Bu iki maçtan “4 puan” çıkarabilir miyiz; bizim için “olabilecek en iyi ve en güzel sonuç” bu; burada Fransa’dan “bir”, orada İzlanda’dan “üç” puan almak; “zor” ama mümkün olabilir!..
Fransa’dan “üç”, İzlanda’dan “bir” puan da “4 puan” eder, ama “Dünya Şampiyonu olarak” gelecek olan Fransa’yı yenmek; “imkânsızı başarmak” anlamına gelir; olamaz mı; futbol bu olabilir ama maç öncesi tahminini “en çok 1 puan olarak yazmak” akla ve mantığa yakın gelmiyor mu?..
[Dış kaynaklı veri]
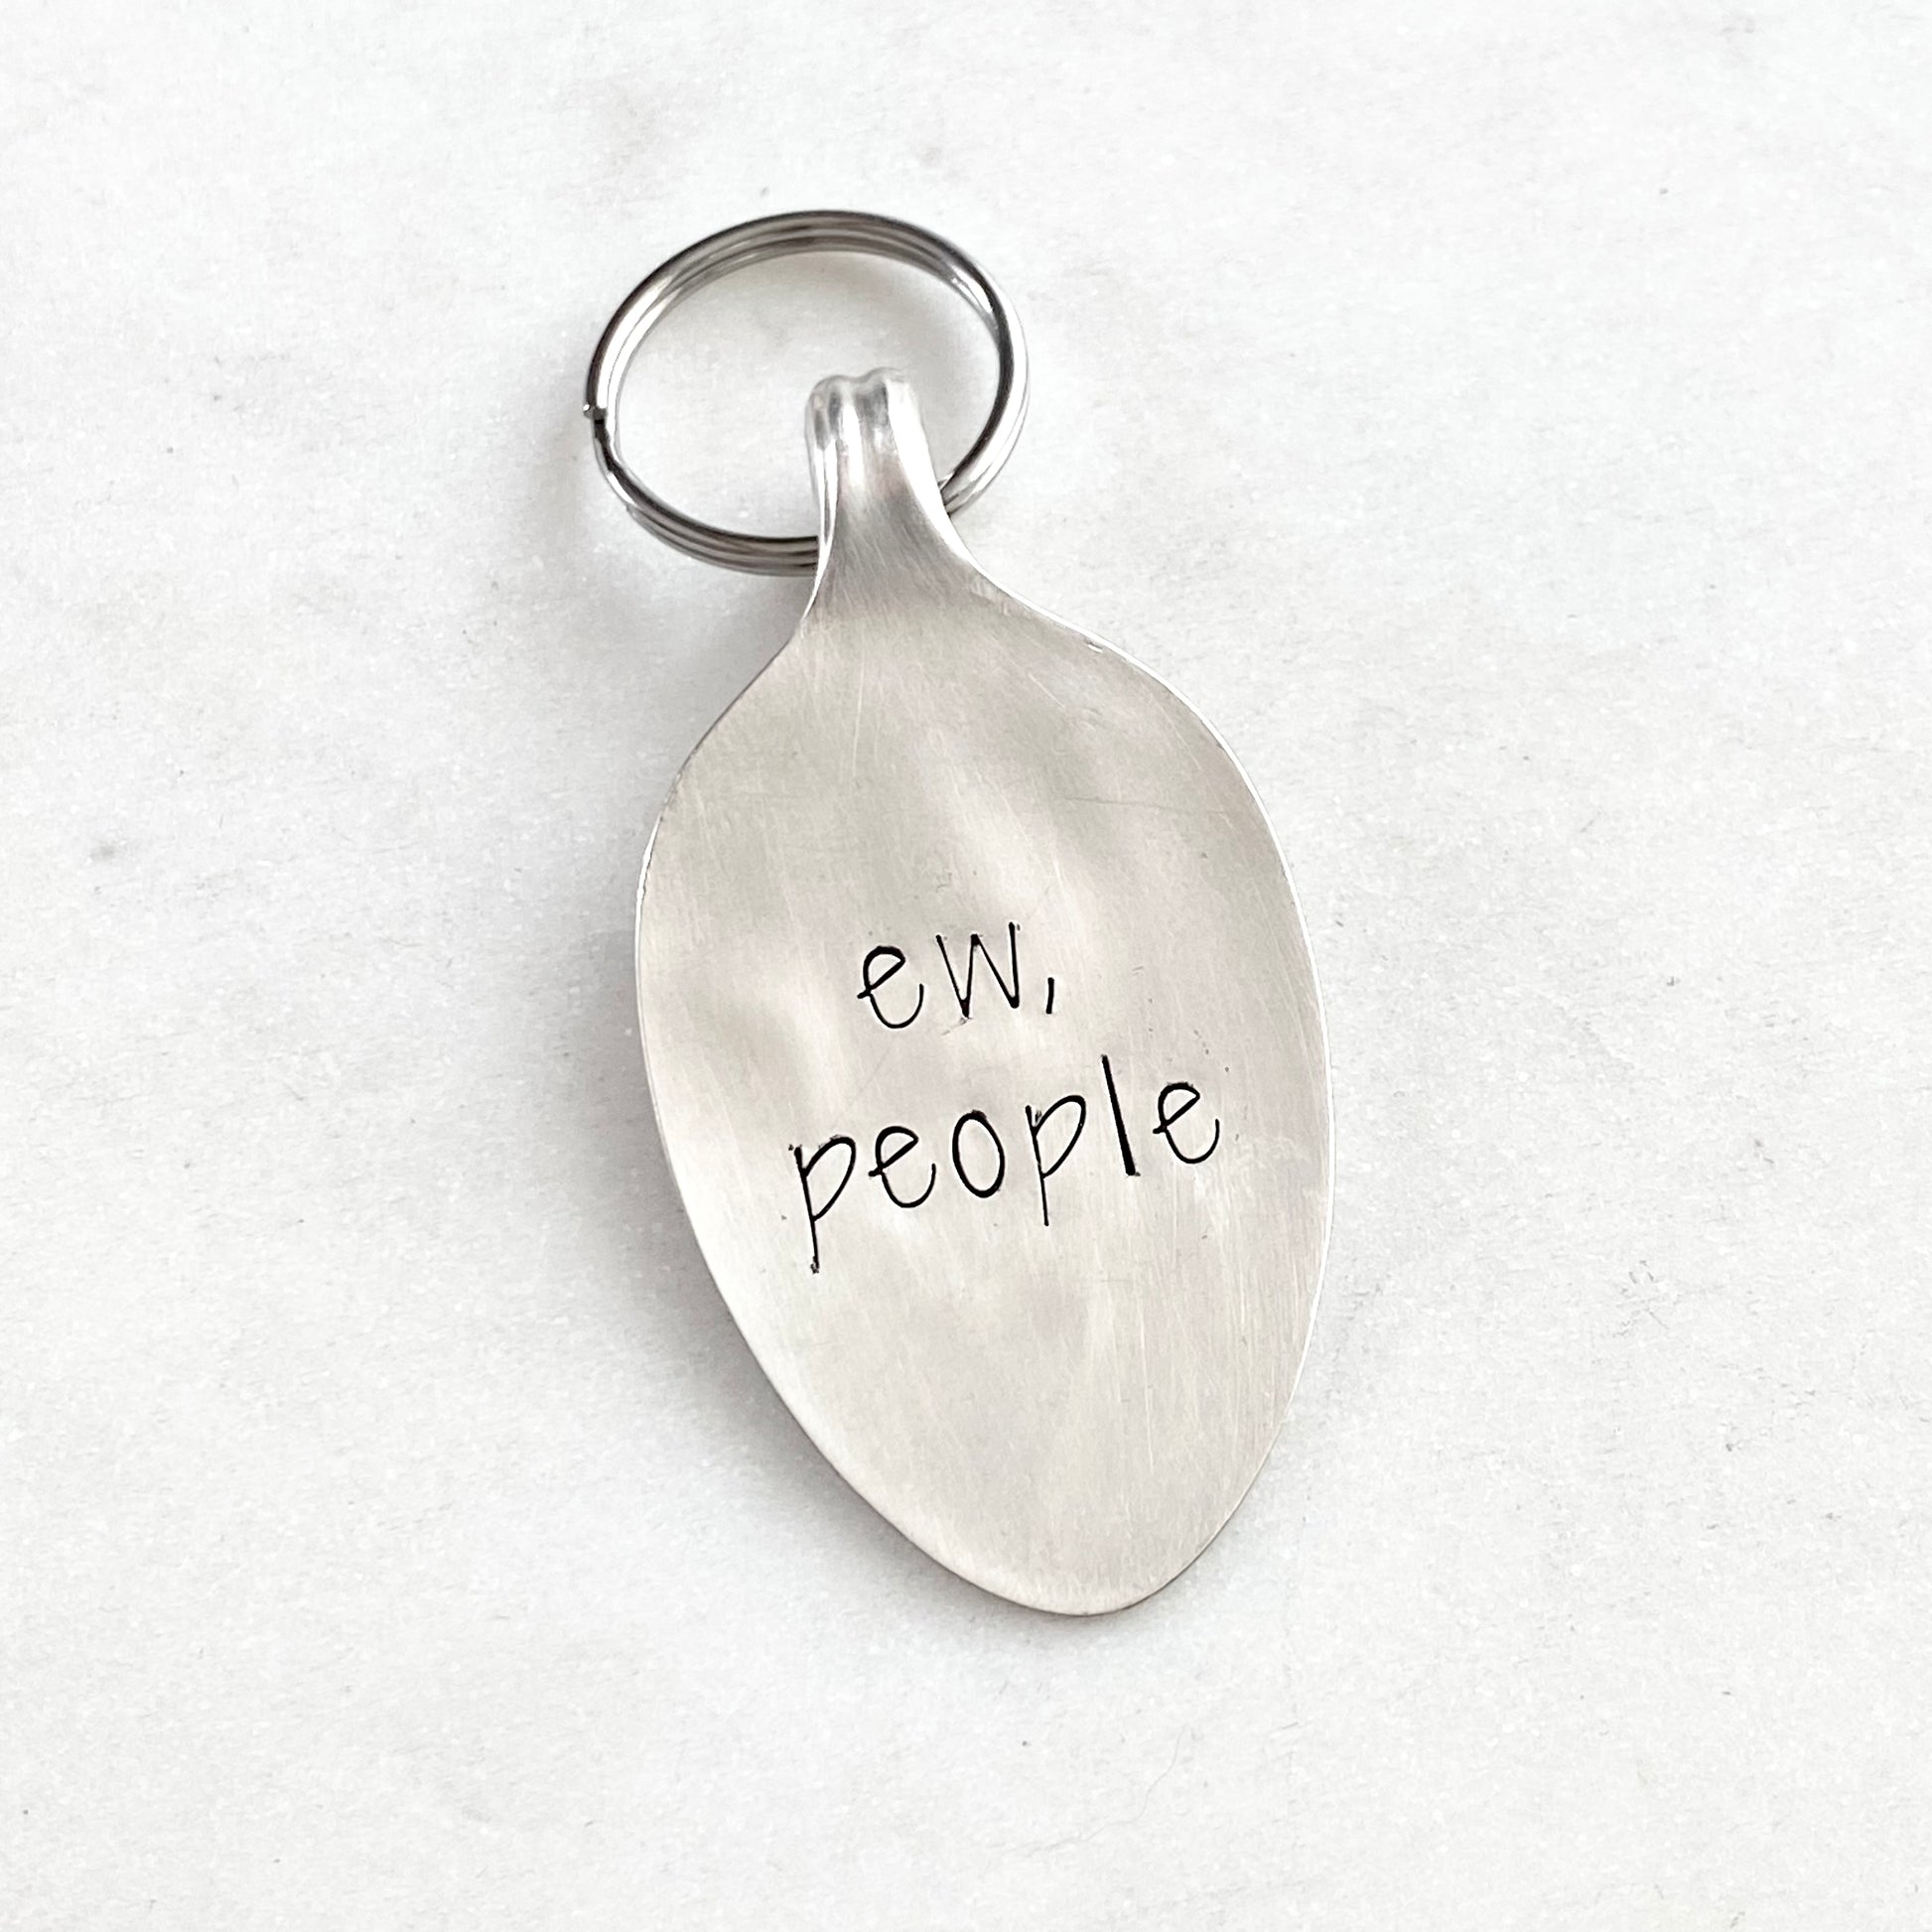 Ew People, Hand Stamped Vintage Spoon Keychain Keychains callistafaye

Peki, ya Fransa’dan “bir”, İzlanda’dan “bir”, eder “2” puan ihtimali; işte bana “bu tur için, muhtemel en yakın ve güzel sonuç gibi” geliyor ve bu sonuçla tamamlarsak bu turu, Fransa ile beraber gruptan çıkma ihtimalimiz “yüzde 51’in üzerine çıkar”; burada “İzlanda ile bir beraberlikle dahi” işi bitiririz!..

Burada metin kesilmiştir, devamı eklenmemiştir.